Source material:

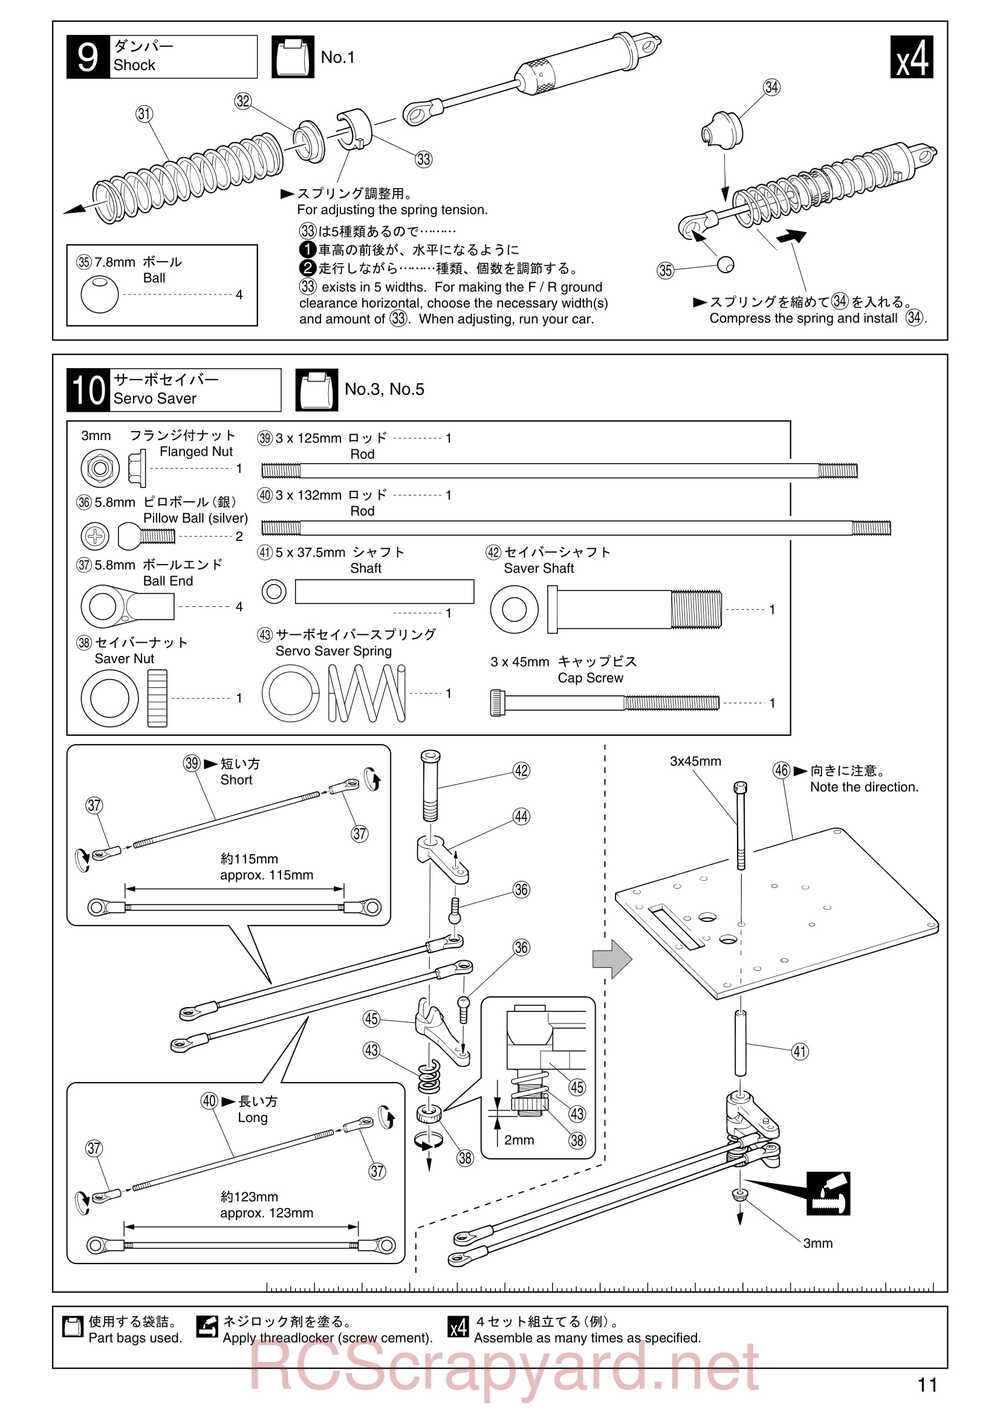 Kyosho - 30522b - Twin-Forcec-SP - Manual - Page 11
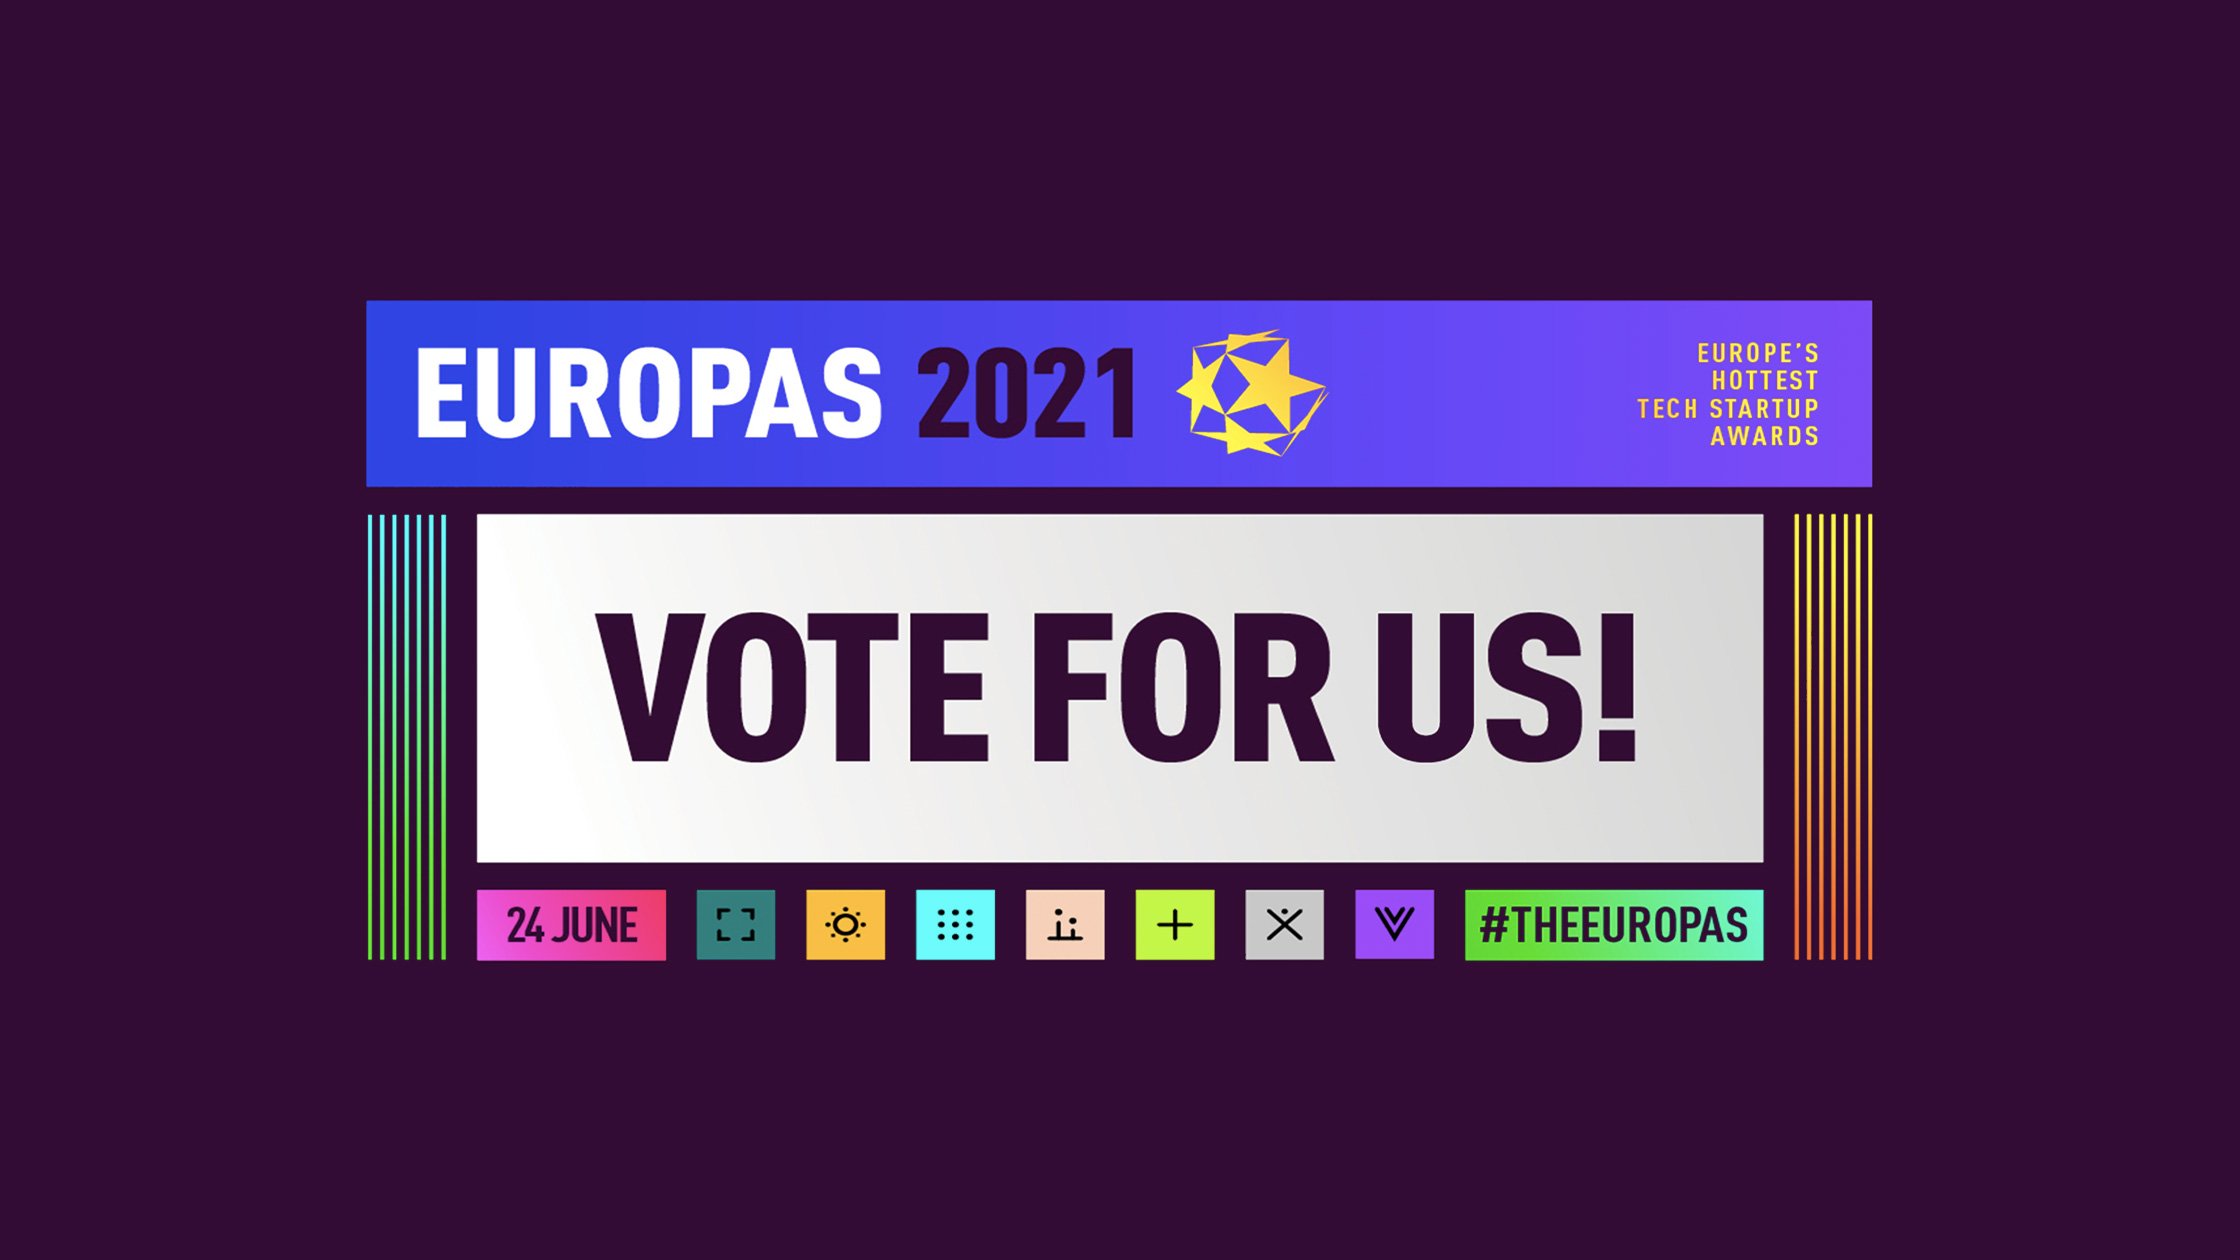 Vestd recognised by The Europas Tech Startup Awards 2021
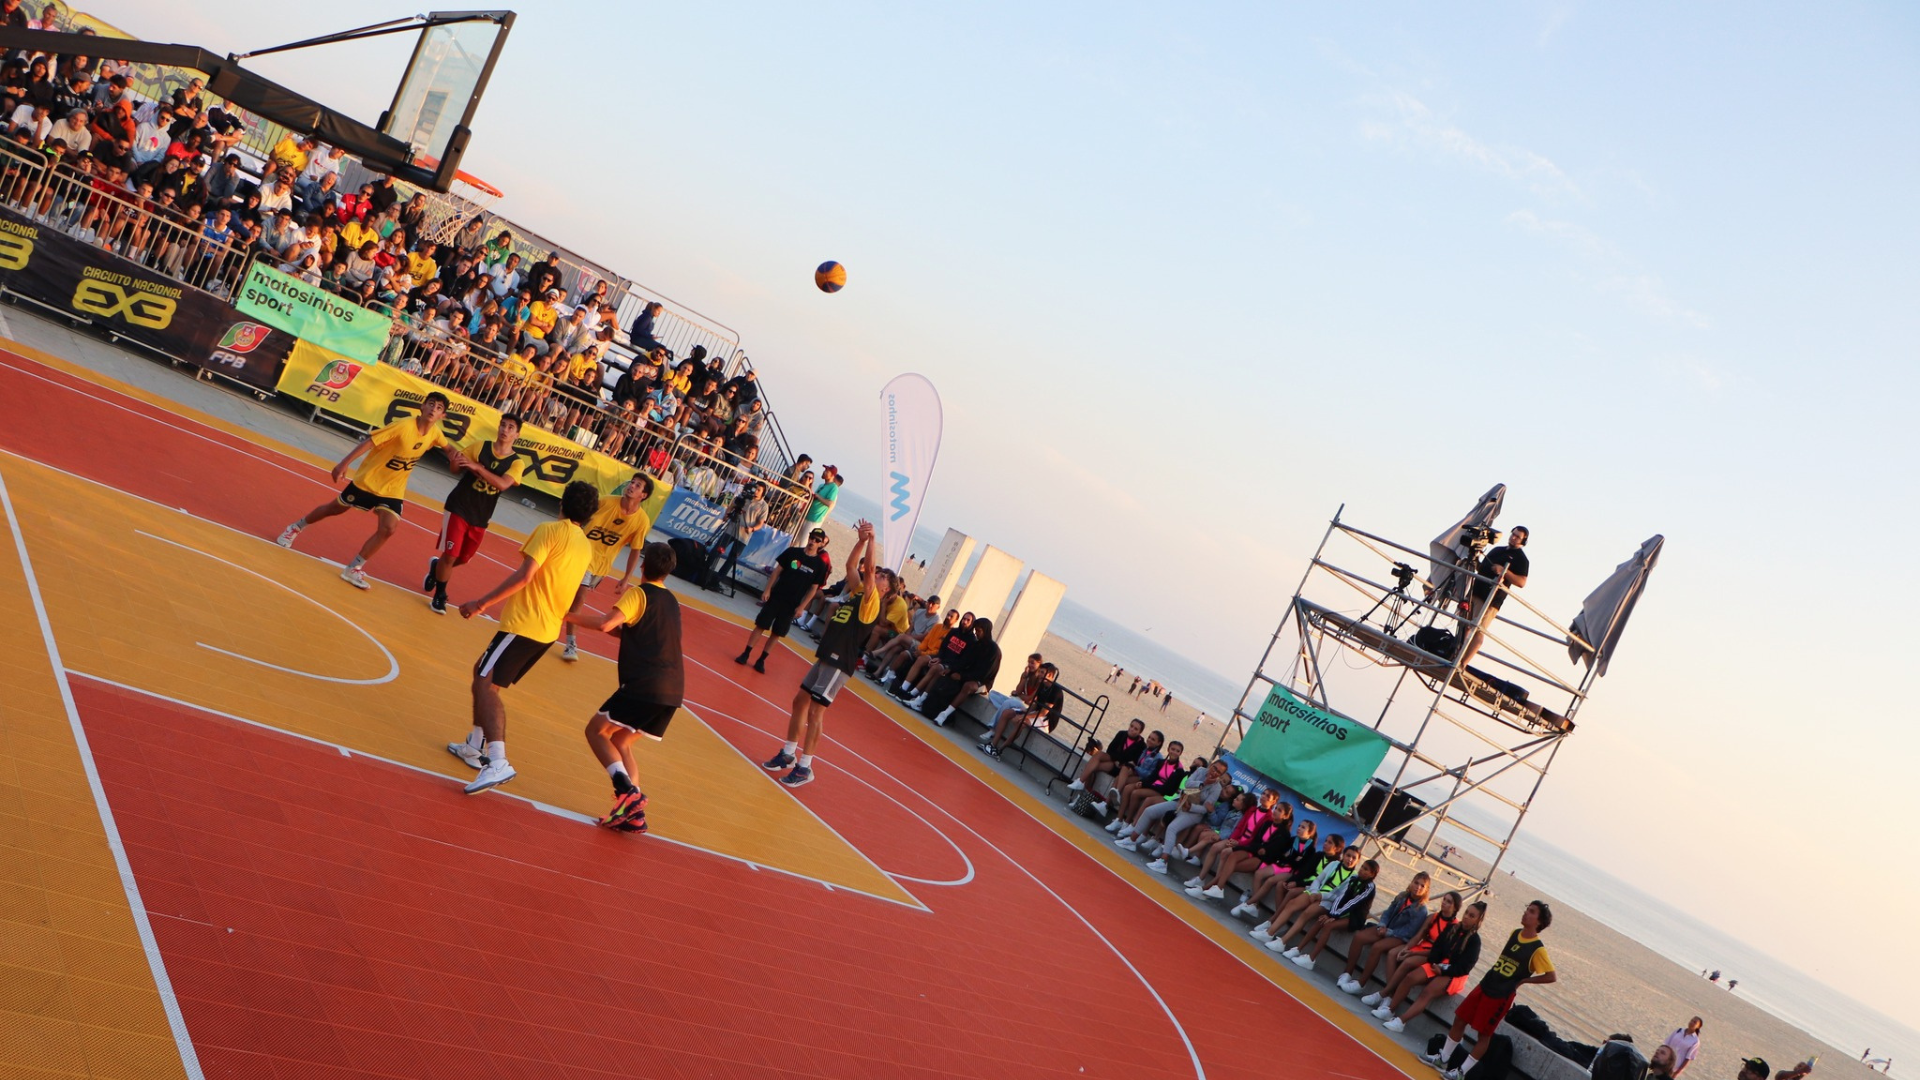 2022 FPB 3x3 Basketball Circuit Final Stage

What needs to be done:
Print the complete listing exactly, apart from any pictures.

Solution below:
 Kyosho - 30522b - Twin-Forcec-SP - Manual - Page 11
 Vestd recognised by The Europas Tech Startup Awards 2021
 2022 FPB 3x3 Basketball Circuit Final Stage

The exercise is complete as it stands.